Donald Trump is dragging the world into chaos. Two days ago he announced that a conspiracy theorist podcaster named Dan Bongino would be made deputy director of the FBI. Absurd. Not so long ago that kind of lunacy would have dominated the news agenda for months. Now it barely touches the sides.
But if you step back, you can still discern the signal amid the noise, a truly historic moment amid all the transitory chaos: we seem to be witnessing the birth of an independent Europe right before our eyes.
Keir Starmer’s announcement on Tuesday of an increase in defence spending is a case in point. On the face of it, it was unimpressive. The announcement came wrapped in the typical clown-maths of British politics, assuming a mythical counter-factual spending freeze to pretend there would be £13.4bn extra for defence rather than the £5.3bn the Government is offering in reality. This is nothing like enough. If it was enough, they wouldn’t have felt the need to misrepresent it.
The money is being raided from the international development budget, which is not just immoral but also counter-productive, because it contributes to precisely the kind of global instability which will increase defence pressures in future. And it is sold, humiliatingly, as a kind of feudal tithe to Trump, an act of fealty to earn a hearing with him in Washington this week.
This is all true, but it is not the only truth. Close one eye and tilt your head slightly and another picture emerges.
Defence spending plays a changeable political role. On the one hand, it is in line with US demands. On the other, it is an insurance policy against the US. It provides the kind of support which allows Ukraine to reject a Putin-backed US peace deal.
It allows Europe to defend Western values, even if America forsakes its traditional role. Starmer is pursuing his usual dual-track strategy: trying to work with Trump, but preparing to work without him, or even against him.
This is in line with what Emmanuel Macron has been promoting for years. Throughout his time as French President, he has been trying to convince Europe to adopt a policy of strategic autonomy. No one was interested. Europe was in a daydream, trying to convince itself that the first Trump term had been an aberration.
That daydream is no longer possible to maintain, if it ever was. Macron’s vision is the option. In fact, it is barely a vision at all. It is simply the practical necessity left behind when all other alternatives have turned to ash.
This week, Macron seemed to almost embody the idea of strategic autonomy. During his meeting with Trump, he was friendly and tactile – but also confident enough to decisively refute the US President where necessary.
When Trump started misrepresenting EU funding of Ukraine, he put his hand on his arm, and said: “No, in fact, to be frank, we paid.” When Trump hesitated about whether Putin was a dictator or not, Macron nearly laughed in his face.

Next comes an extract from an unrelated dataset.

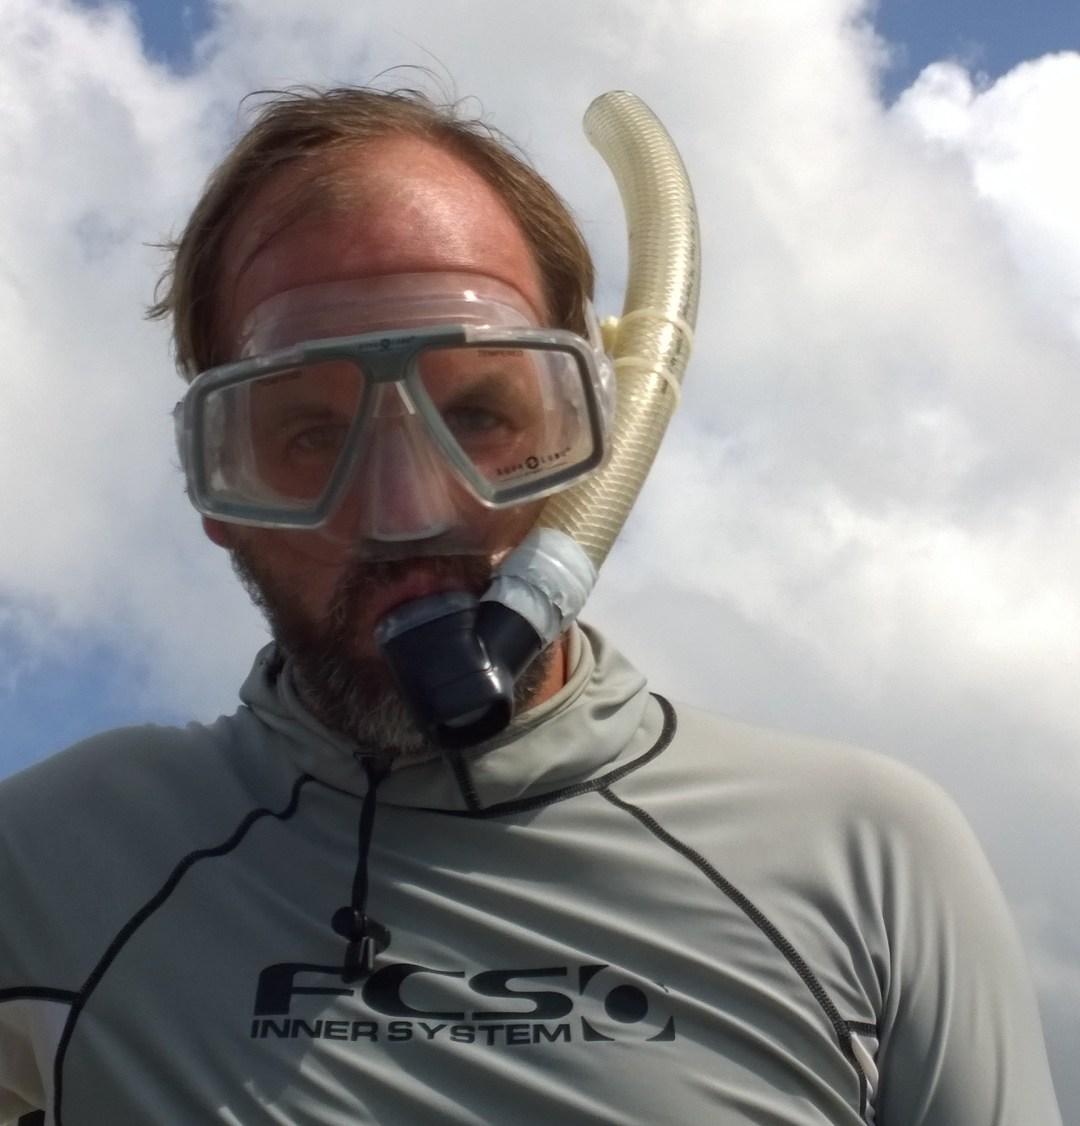 Veneestä ei millään löytynyt yhtä snorkkelin putkea, joten oli aika askarrella… Letkun pätkä toimi kuulemma yllättävän hyvin ja mikä ei jeesusteipillä tokene, niin sitä ei tarvita!

One of Europe’s chief military weaknesses is not just manpower but coordination. Europe, including the UK, currently has 1.47 million active-duty military personnel. The reason it is not considered a world-leading military power is because there is no unified command. The same applies politically. If the US President wants to do something, he just does it. But in Europe, you have to bring all these disparate voices together, from Spain to Slovenia.
And yet this week has been striking for the degree of co-ordination on show. Antonio Costa, president of the European Council, has been decisive in this regard, working practically on a day-to-day basis to provide a coherent European response.
Once Macron was finished in Washington, Costa organised a debrief with EU leaders ahead of a special Council meeting on 6 March to take further decisions on defending Ukraine.
Over in Germany, this week’s election was met with countless headlines about how the country had swung to the right. They weren’t wrong per se, but they were lazy and uninformative. Sure, the far-right Alternative for Germany doubled its vote and the centre-right Christian Democratic Union had become the largest party. That was all as expected.
What was not expected was for the new Chancellor, Friedrich Merz, a lifelong Atlanticist, to come straight out and say that one of his chief goals was to “strengthen Europe as quickly as possible, so that we achieve independence from the US”.
Nor were we expecting Merz to be able to form a coalition with just the centre-right CDU and the centre-left SDP (Social Democratic Party), potentially providing a much more stable government than we anticipated. Or for the SDP’s Olaf Scholz, who has maintained a stubbornly naive approach towards the Ukraine conflict, to retreat from future coalition negotiations, leaving the hawkish defence minister Boris Pistorius in his place.
For Germany, these are seismic changes. Its debt rule has held back increased defence spending. Its unique historic experience makes it sceptical of military adventurism. Its political class has long aspired to work with Russia rather than demonise it. But now, with incredible speed, things are changing, on a really deep fundamental level.
In Berlin, Paris and London, all the signs point in the same direction.
Starmer has long viewed defence as his key offer in talks about improving the UK-EU post-Brexit relationship. Now, Europe has become uniquely open to that message. Everyone is reading the same script, with the same narrative structure, leading to the same outcome.
Much can change. Things can alter quickly in a period of unprecedented chaos. But as things stand, we seem to be witnessing Europe’s transformation from a purely trading and regulatory project into a powerful military entity capable of projecting its values.
Decades from now, when the names of Trump’s FBI appointments have faded from memory, we may well consider that one of the most important political developments of our lifetime.